'I had to RUN to my Mac mini like I was defusing a bomb': OpenClaw AI chose to 'speedrun' deleting Meta AI safety director's inbox due to a 'rookie error'

themachinestops@lemmy.dbzer0.com · edit-2 2 days ago

'I had to RUN to my Mac mini like I was defusing a bomb': OpenClaw AI chose to 'speedrun' deleting Meta AI safety director's inbox due to a 'rookie error'

PointyFluff@lemmy.ml · 1 day ago

First of all. BULLSHIT. Second. why would you give a bot write-access to your filesystem.

rumba@lemmy.zip · 1 day ago

The idea is you give it shell access. Say use super coder agent bob johnson to write a thing that does x using this [framework], separate files by best practice for x y and z features, ask security agent OSO to look over the code and suggest changes, ask agent U.N.I.T to make unit tests, when the code looks good, run through the unit tests. If anything fails keep fixing and iterating until every thing passes. Create a README.MD for everything that was done, Create a TODO.MD for any future suggestions.

I’m simplifying, but this actually works to an extent. Each of the agents keep the context windows small, the whole thing stays sane and eventually nets some project that works.
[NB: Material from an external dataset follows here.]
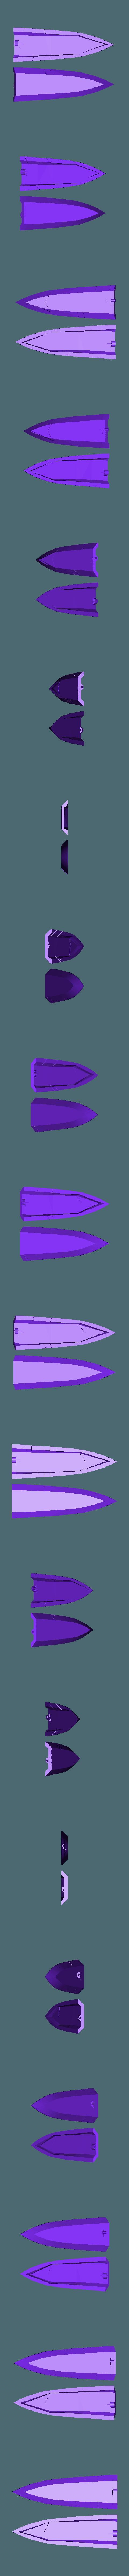 MS-Blade-SM-Tip.stl Télécharger fichier STL gratuit LED Zelda Master • Modèle pour imprimante 3D, Adafruit
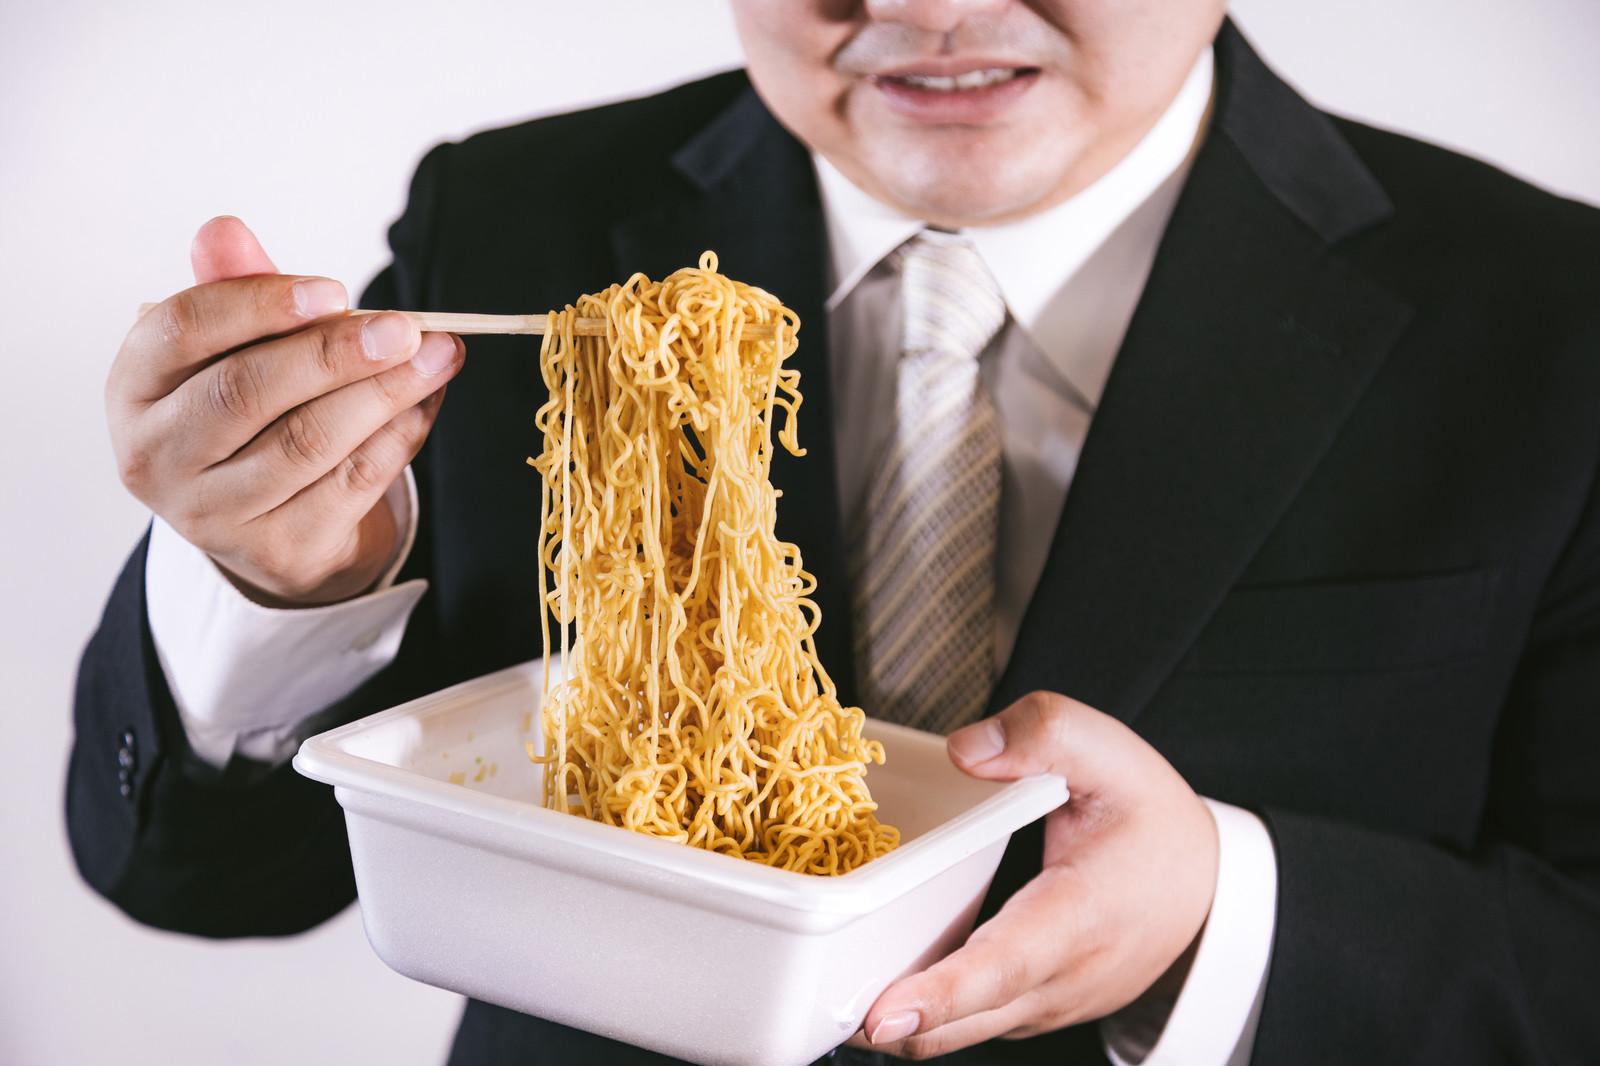 ペヤングって美味しいけど太りやすい?超大盛りのカロリーなどをご紹介!

The downside is you end up giving it quite a bit of leeway to get the job done or you sit over it watching and authorizing it’s every move.

Kinda strange to see a safety director do that…

Regrettable_incident@lemmy.world · 1 day ago

And execs think we’re going to give these products our bank details and ask them to book flights and stuff. . ?

BanMe@lemmy.world · 1 day ago

Two years ago: “They expect us to rely on this for code that actually compiles?”

So yeah in another year or two what you describe will be common, sure.

OpenClaw is like the insane libertarian cousin of all the AI products tho, it’s bizarre that people are using this in production scenarios considering how it behaves.

lemmydividebyzero@reddthat.com · 2 days ago

They released a version recently that fixed over 60 security vulnerabilities. All of them were high or critical.

How many more are there to find? Thousands?

Whoever uses this on a PC with anything useful on it, is absolutely insane.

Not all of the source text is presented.